##### Material for the task #####
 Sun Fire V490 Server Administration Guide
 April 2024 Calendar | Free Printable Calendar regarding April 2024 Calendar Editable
#####
##### Material for the task #####
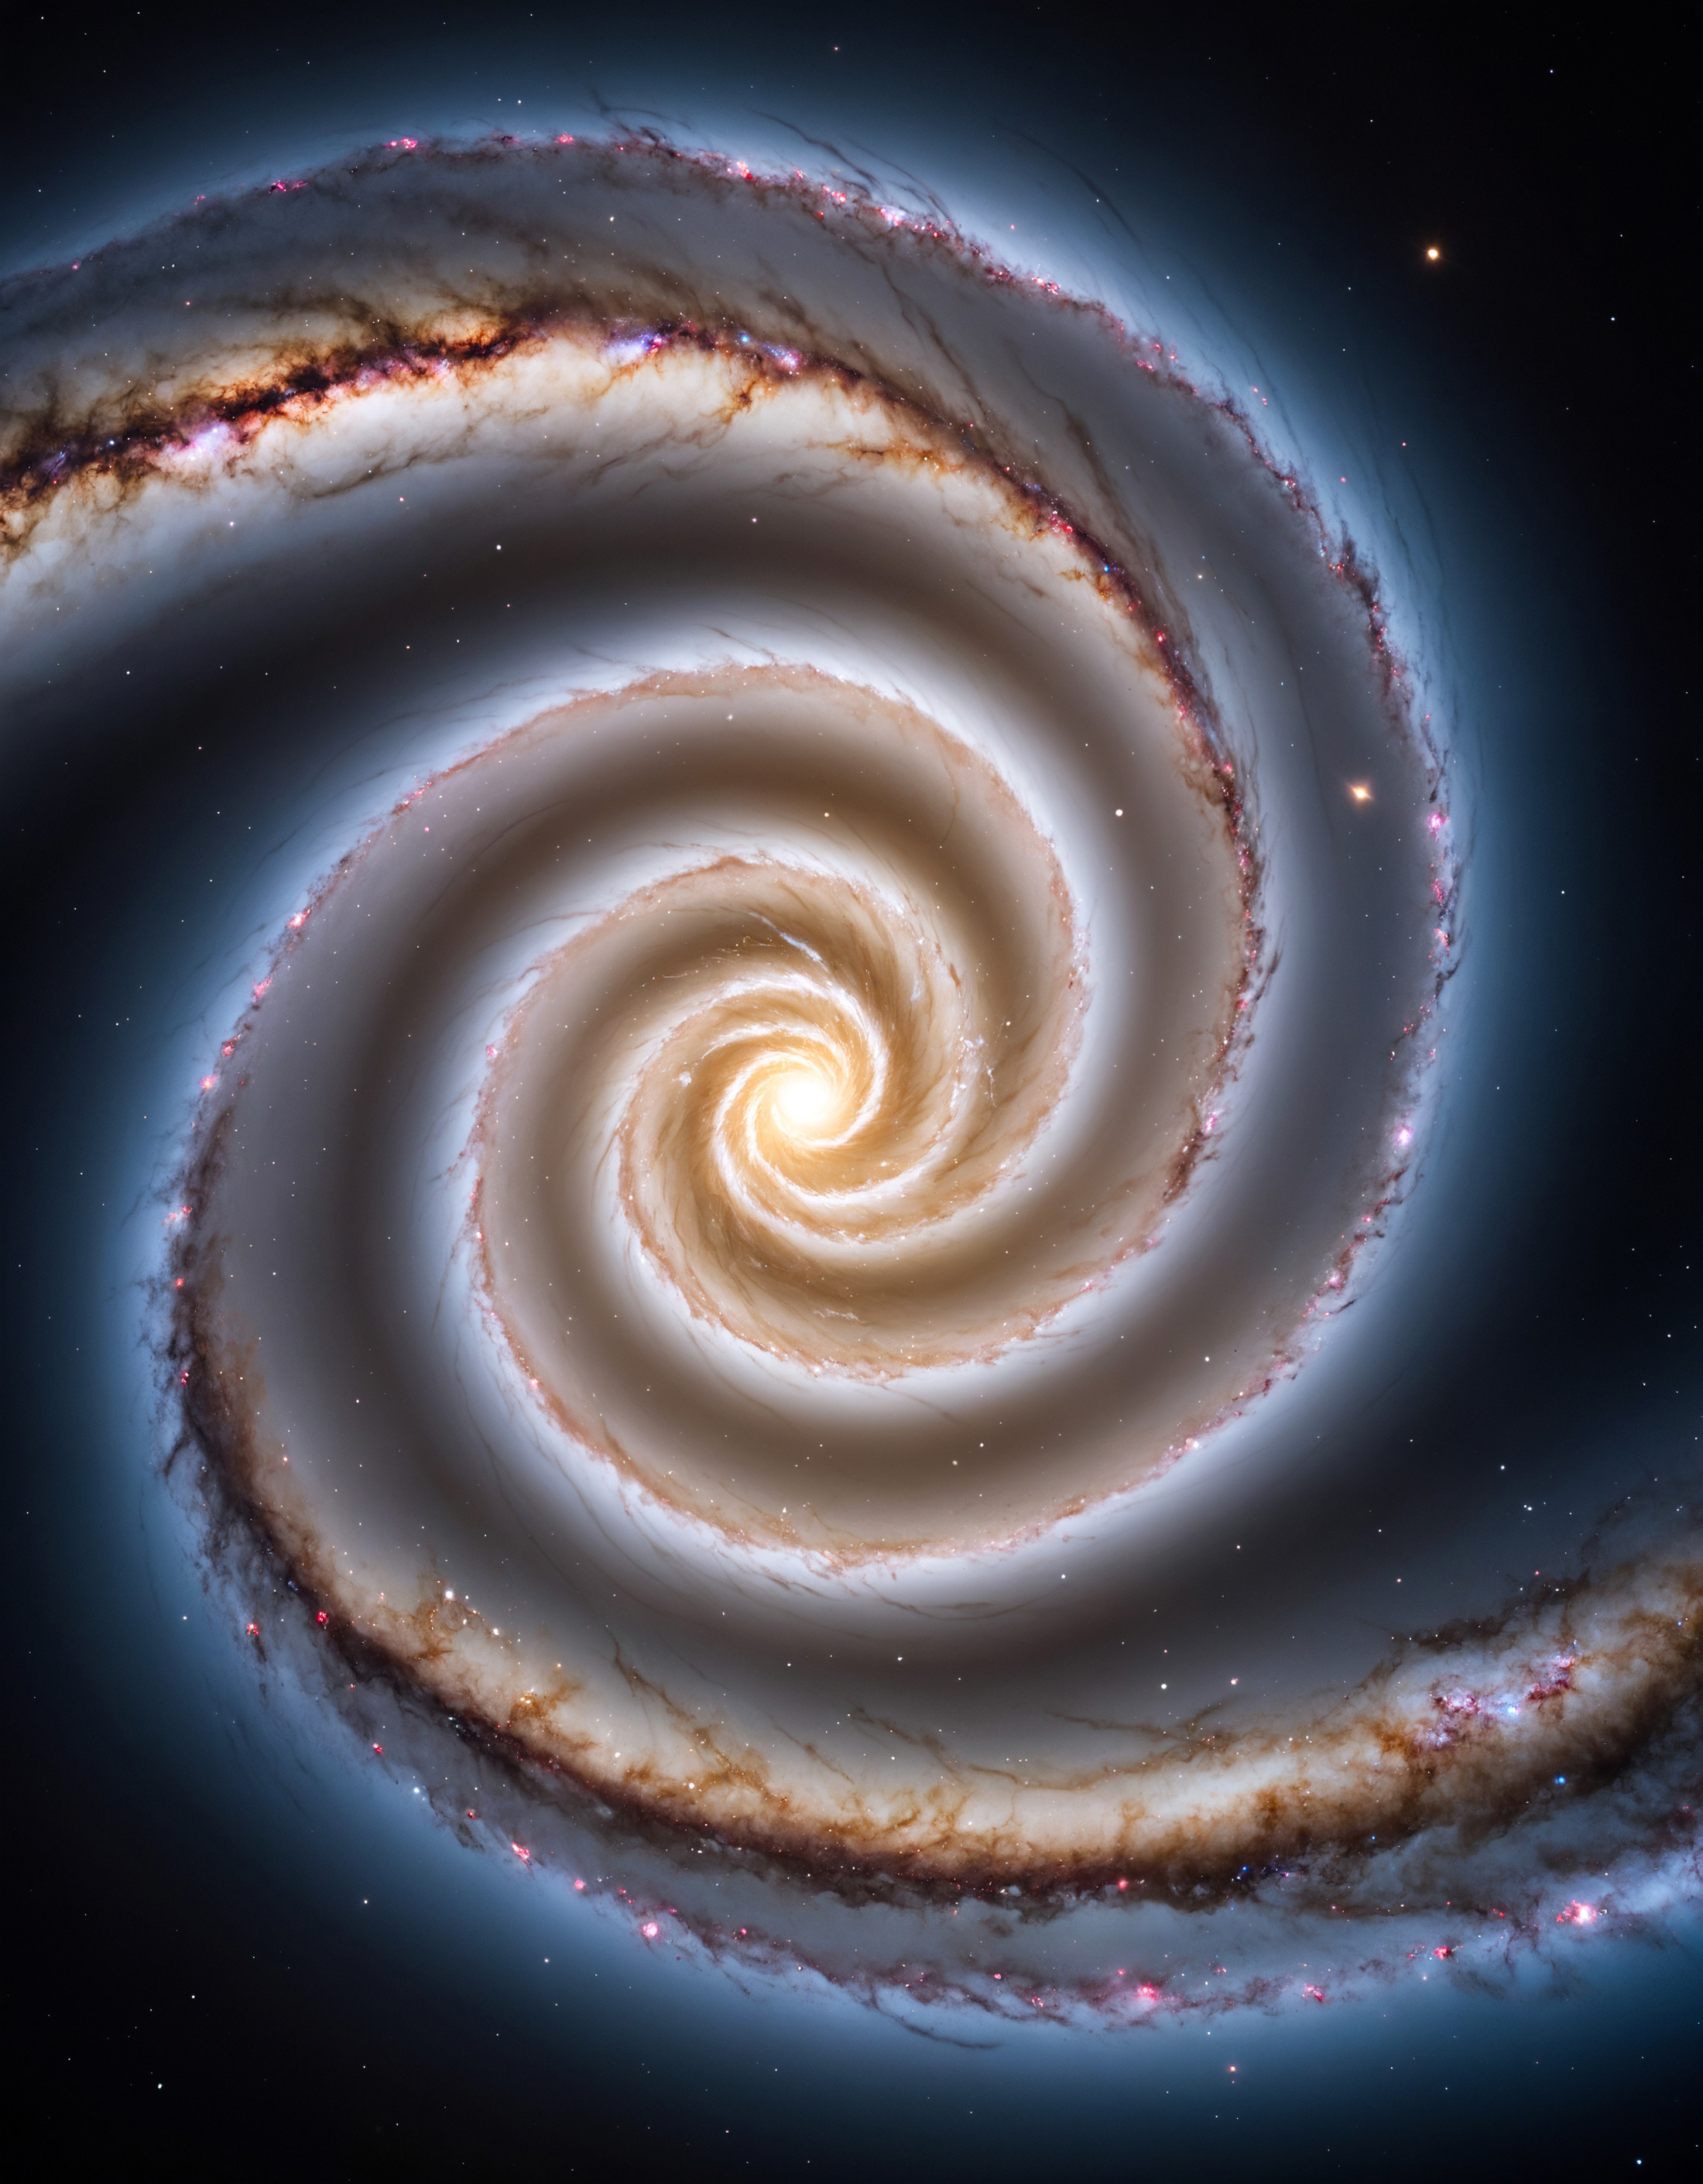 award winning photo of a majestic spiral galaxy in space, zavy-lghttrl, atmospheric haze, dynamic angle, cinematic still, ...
#####
Instructions to follow> Among the entries above, copy exactly only the lines starting with the one containing "Sun Fire V490 Server Administration Guide" and going through the one containing "April 2024 Calendar |", both ends included.

Result>
 Sun Fire V490 Server Administration Guide
 April 2024 Calendar | Free Printable Calendar regarding April 2024 Calendar Editable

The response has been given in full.